Your copy should start at the line with "Ruines du temple" and end at the line with "dieta cu oua" in the data below. Transcribe only those lines, exactly, pictures excluded.

▶ [INPUT DATA]
# # # # #

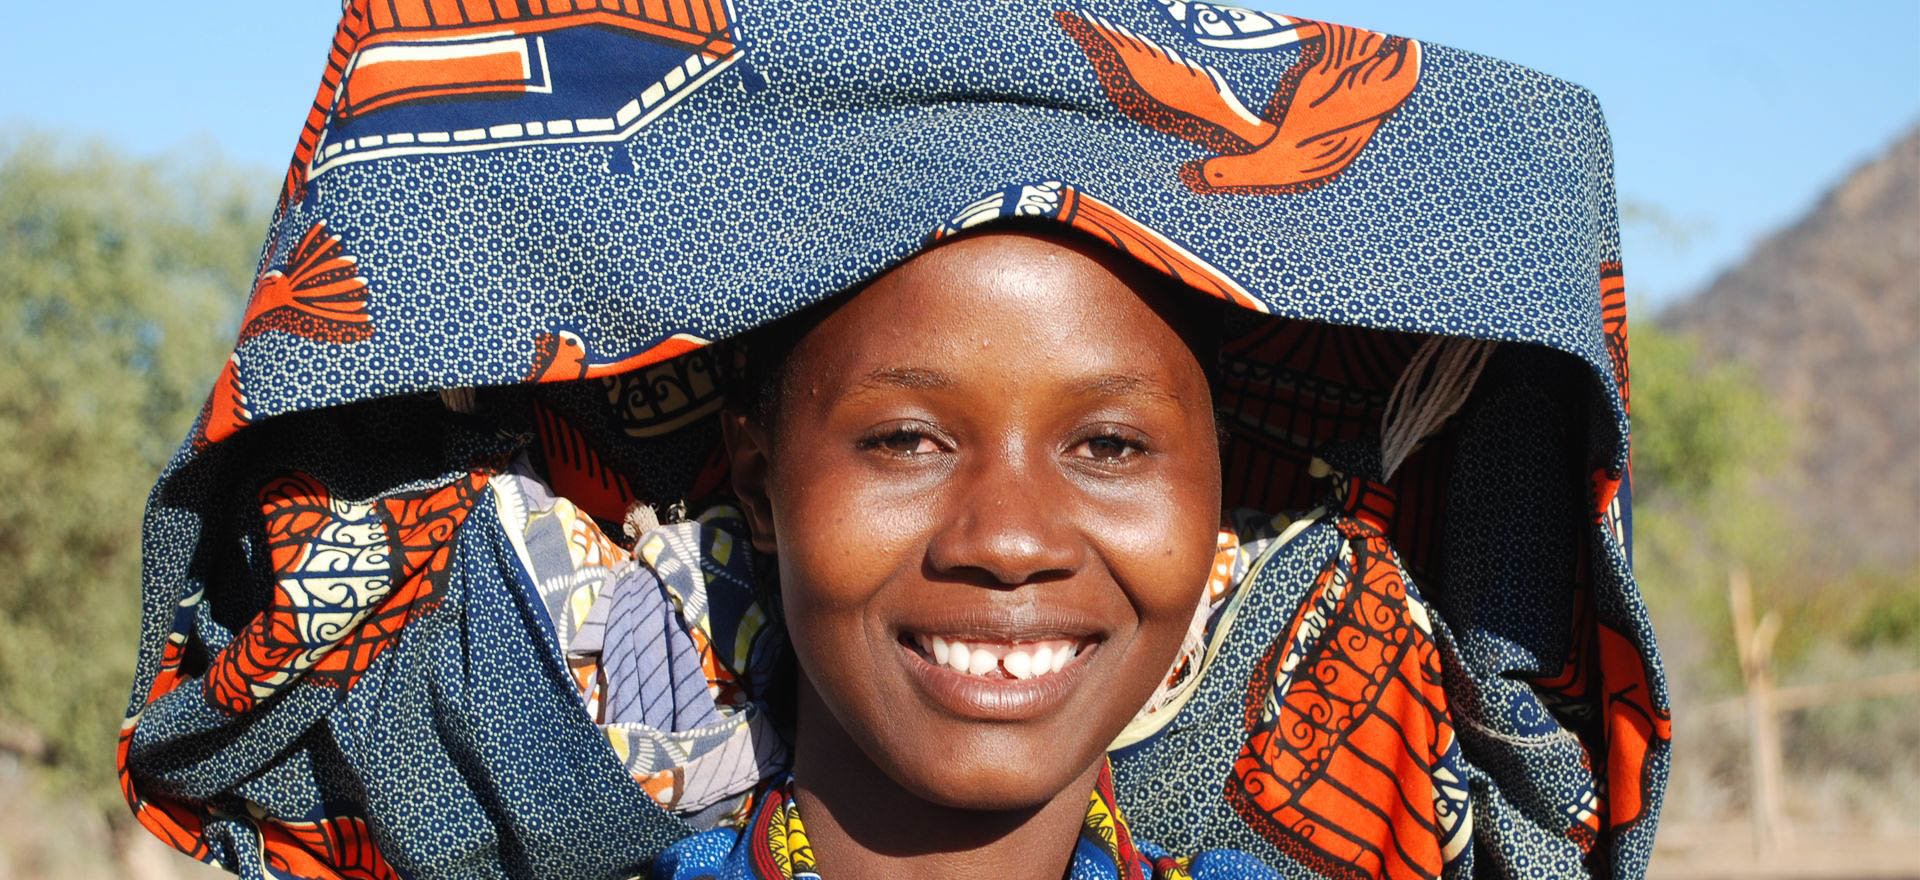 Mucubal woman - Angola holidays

# # # # #

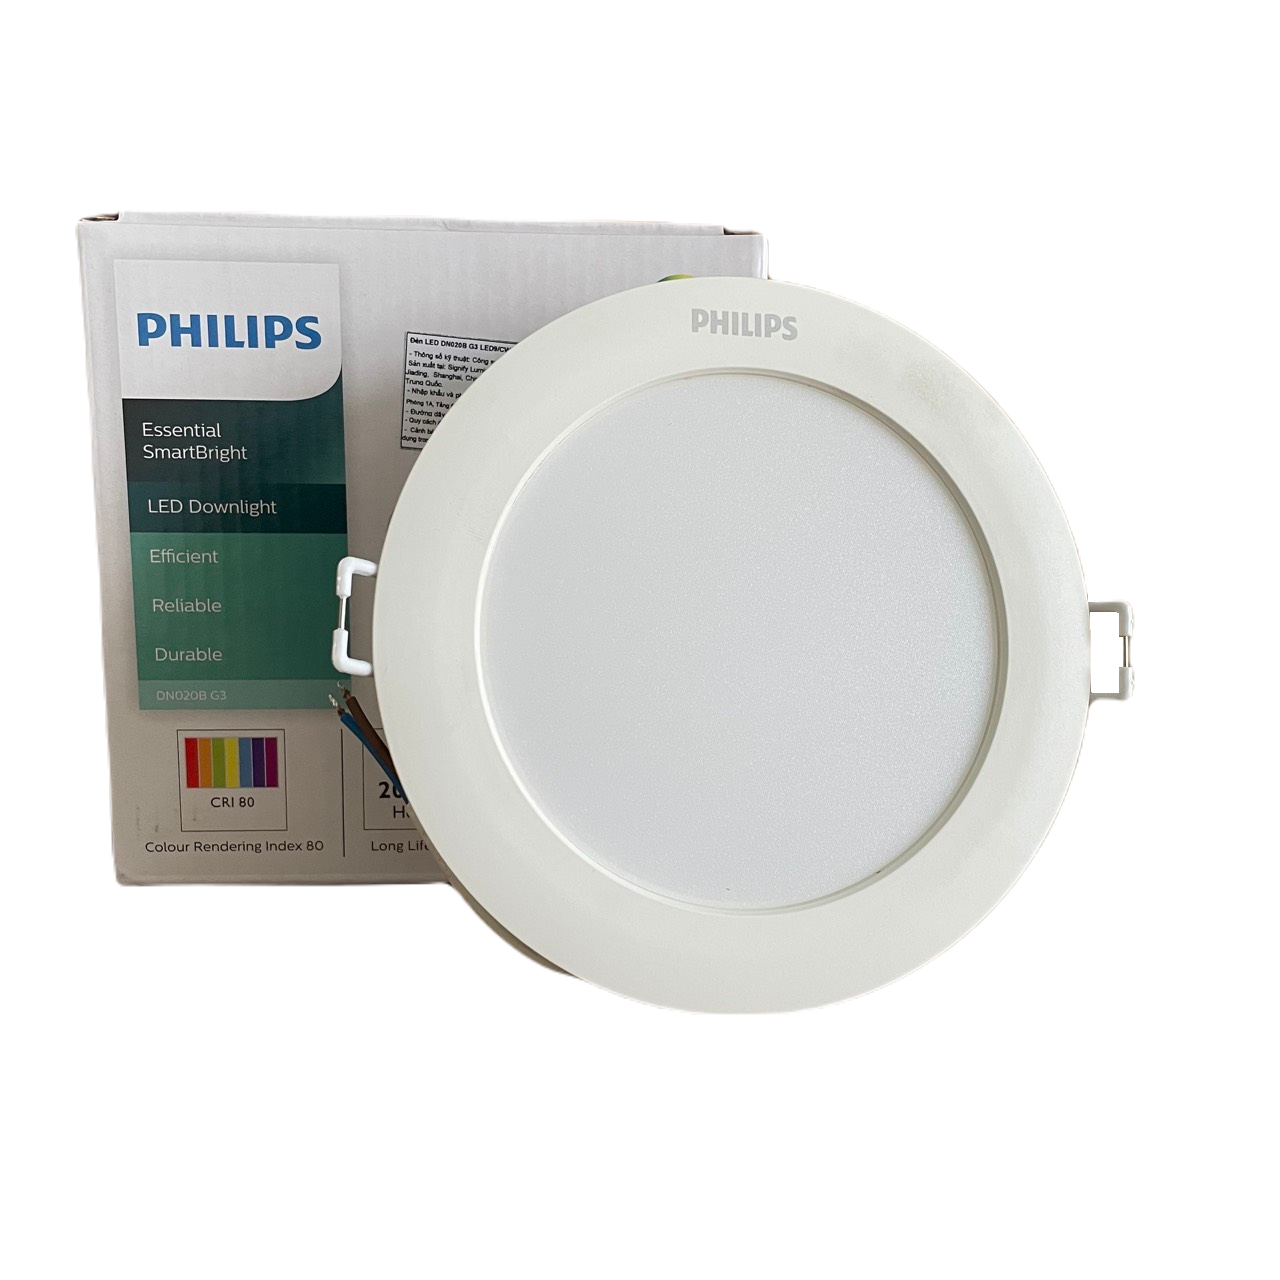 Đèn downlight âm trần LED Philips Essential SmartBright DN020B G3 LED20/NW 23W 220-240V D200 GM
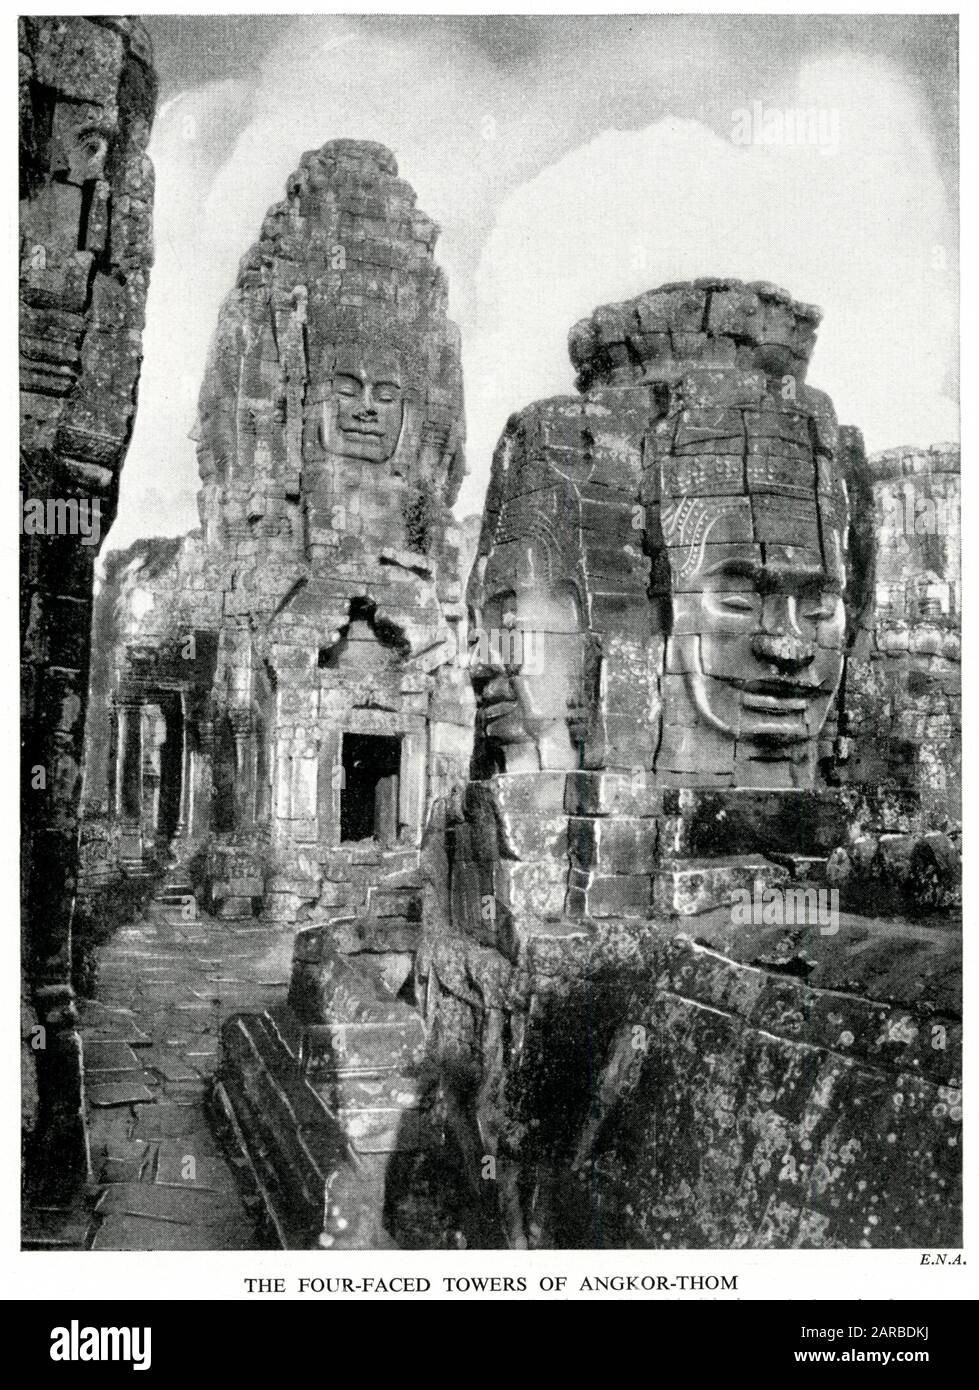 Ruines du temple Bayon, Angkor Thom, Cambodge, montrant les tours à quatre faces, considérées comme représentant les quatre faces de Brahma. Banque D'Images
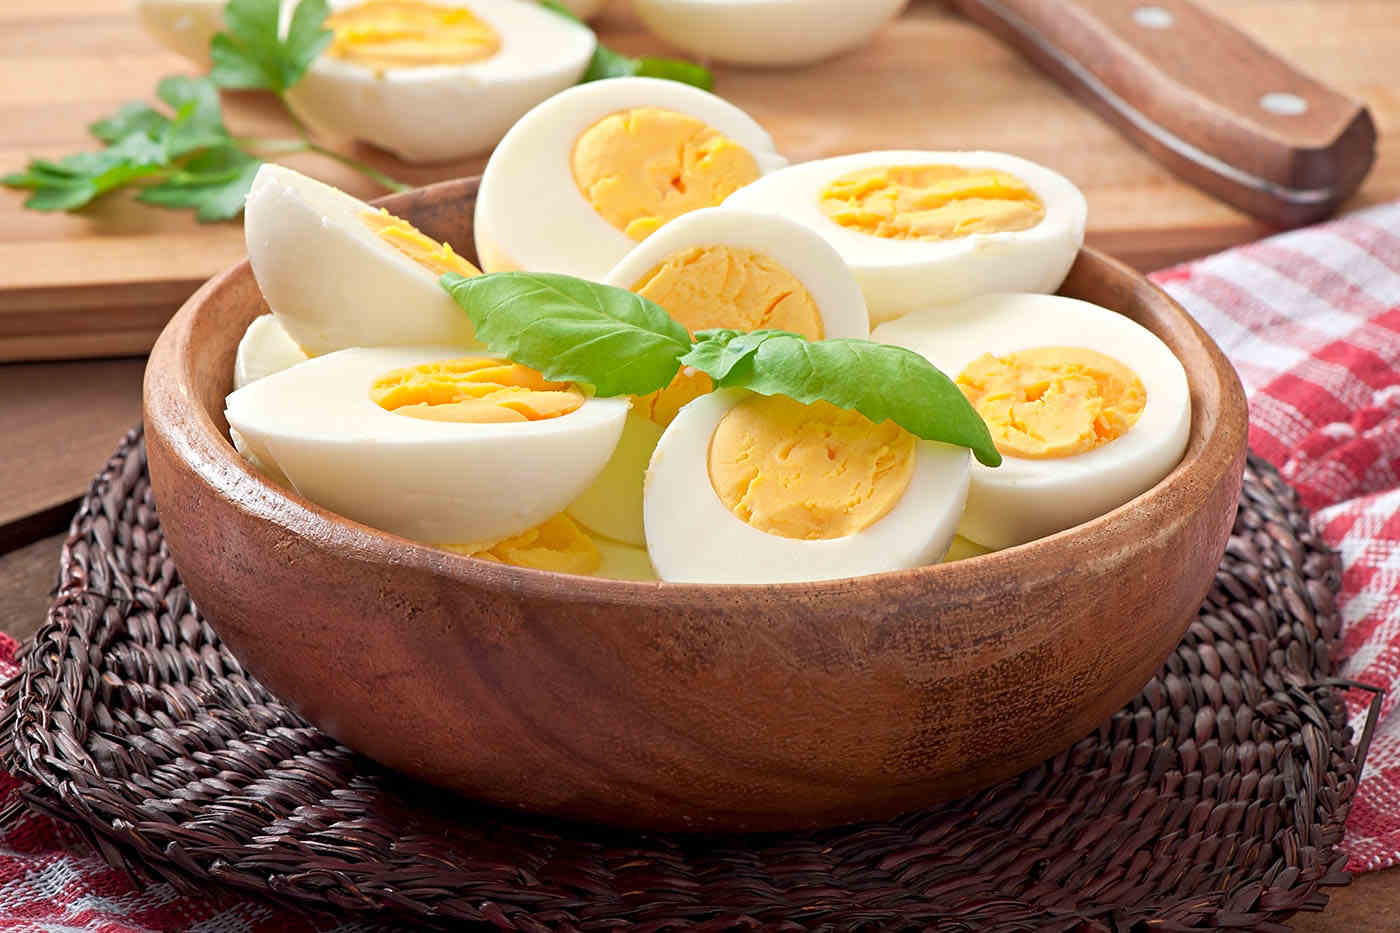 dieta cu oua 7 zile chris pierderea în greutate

# # # # #

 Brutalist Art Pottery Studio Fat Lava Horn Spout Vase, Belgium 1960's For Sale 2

# # # # #

▶ [ANSWER SECTION]
 Ruines du temple Bayon, Angkor Thom, Cambodge, montrant les tours à quatre faces, considérées comme représentant les quatre faces de Brahma. Banque D'Images
 dieta cu oua 7 zile chris pierderea în greutate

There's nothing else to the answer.